Recently, transformer-based architectures have emerged, like the aforementioned BERT (93). Transformers are built on multiple attention modules (“heads”), which could be used for interpretability (94). For example, one recent paper demonstrated how different attention heads attended to different aspects of a learning task to identify nucleotide motifs for promoter sequences (95). However, attention cannot be inherently drawn out of transformers. Further processing steps are generally required to connect attention to specific linguistic features (96). Our group recently applied a self-attention layer after a transformer as a way to more readily extract and visualize attention across the sequence and applied it to SARS-CoV-2 (70). An important caveat is that, based on comparing attention to empirical evidence, attention does not necessarily imply explanation—at least in the sense of explaining precisely why a prediction took place (97). Attention can only highlight features that the attention layer of the deep learning model weighted most heavily during training, so it may only weakly indicate the complete set of important features for a classification problem.

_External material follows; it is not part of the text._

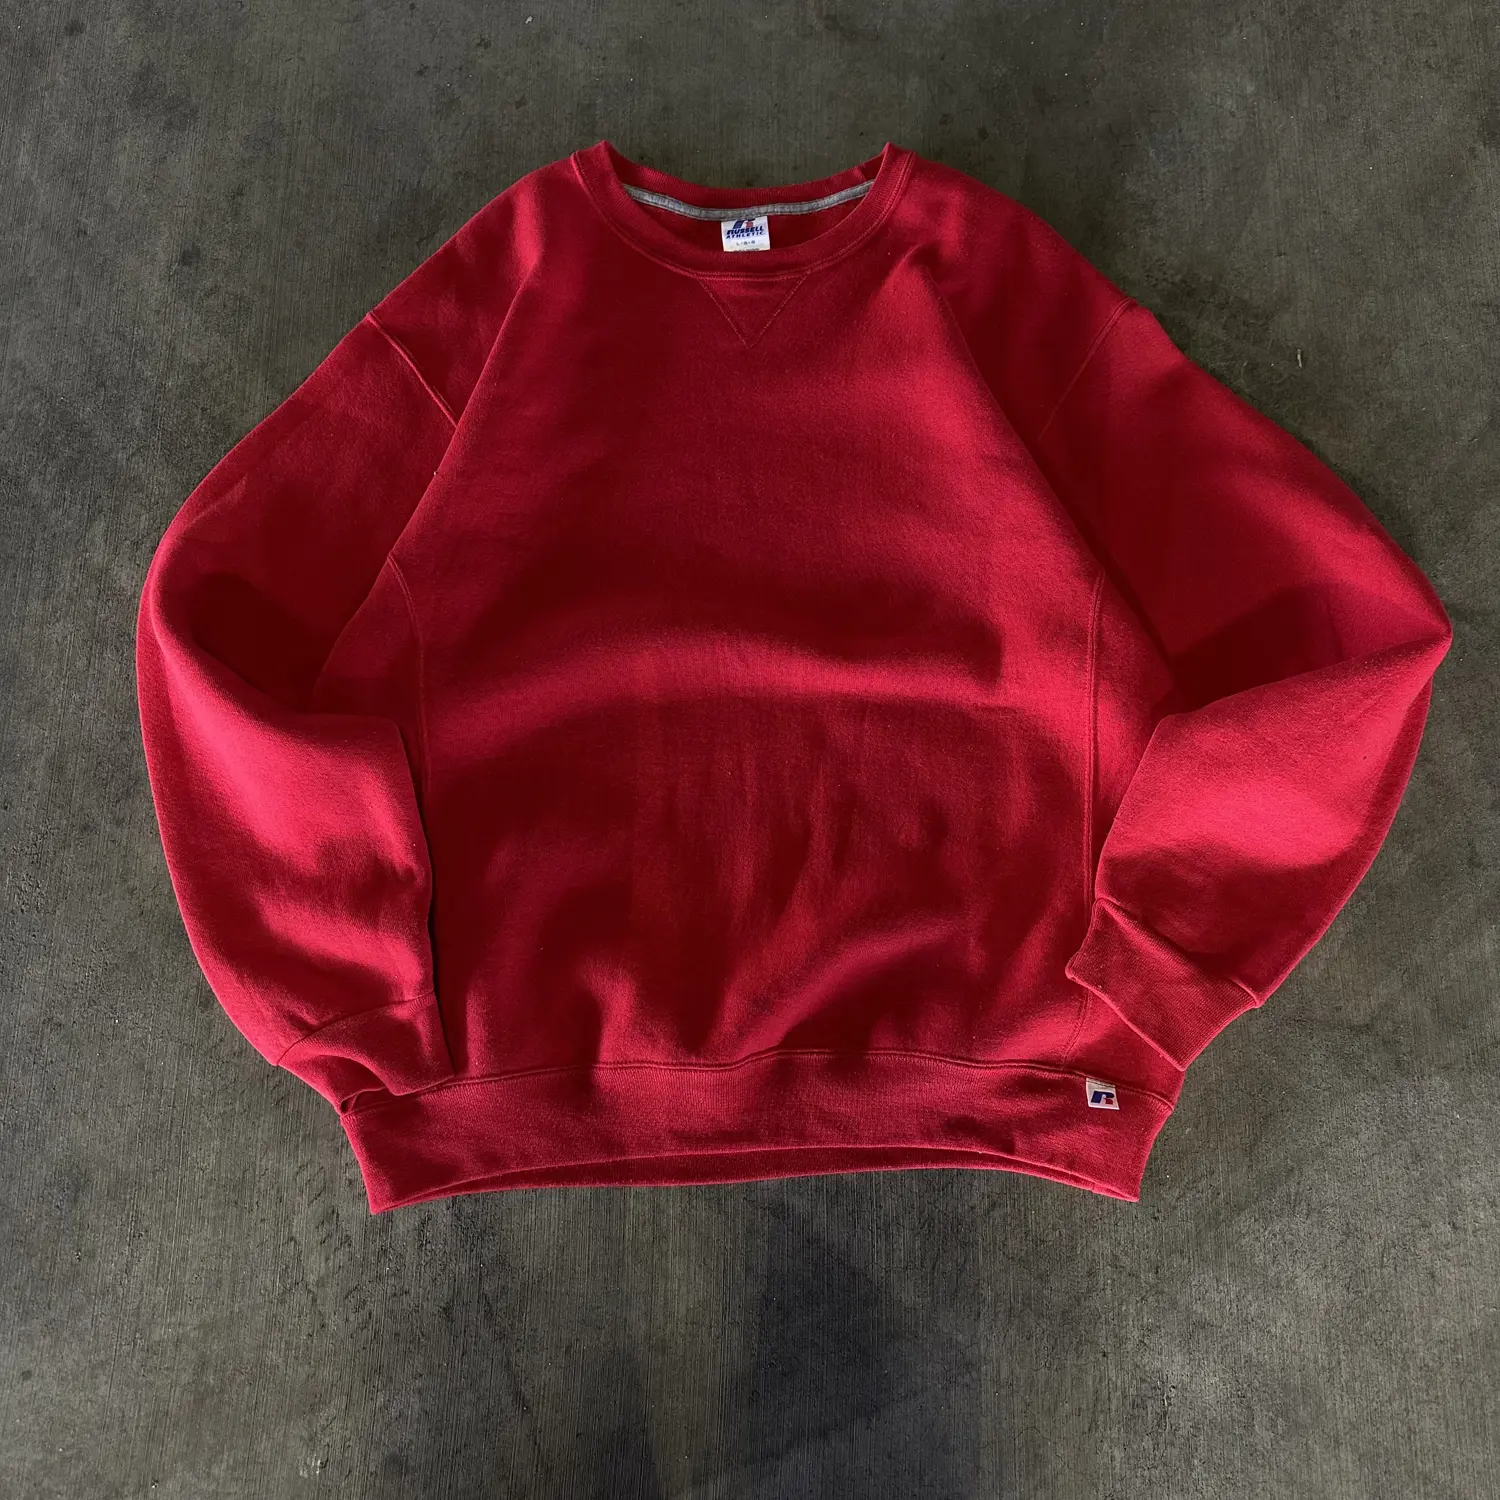 Vintage Russell Athletic Red Sweatshirt

SEQUENCING DISPARITIES AND DATA CHALLENGES

Finally, we highlight three important data limitations that researchers should address. First, as Fig. 1 shows, there are serious global inequities in sequencing data, with the overwhelming majority of sequences coming from Europe and North America. GISAID has encouraged data sharing from developing countries by trading restrictions on republishing sequence information for access to that information (98). But global sequencing resources are disparately available (99). Even within Europe and the United States, racial and regional disparities in sequencing found in other surveys (100) hamper SARS-CoV-2 sequencing as well. Second, the task of interpreting sequencing data is complicated by insufficient sample metadata, making it difficult to understand how SARS-CoV-2 sequences affect patient outcomes, for example. In GISAID, most sequences only have information about a patient’s age or gender (if available) and the location where the sample was collected. As of 7 January 2022, a little over 270,000 sequences (4%) of the nearly 6.9 million have any metadata for patient outcomes, and many metadata entries are unintelligible. Sequencing projects should be encouraged to collect and curate as much information as possible about the sample and meet minimum information standards for sequence metadata (101). Third, sequencing errors can lead to spurious results. Quality control is critical to make sure that low-frequency sequence variants are real (102). Sequences can pick up contaminants from other variants in the amplification process, leading to what appear to be recombinant variants but which are in fact simply artifacts (103).

FIG 1

Total number of sequences submitted to GISAID (4) (left axis and bars, blue) and ratio of the number of submitted sequences to the total number of reported cases (104) as of 7 January 2022 for the 30 countries that have submitted the most sequences to GISAID. The overwhelming majority sequences in GISAID come from North America and Europe. Over half of all sequences are from the United States and United Kingdom alone. Sequencing rates show even greater disparities.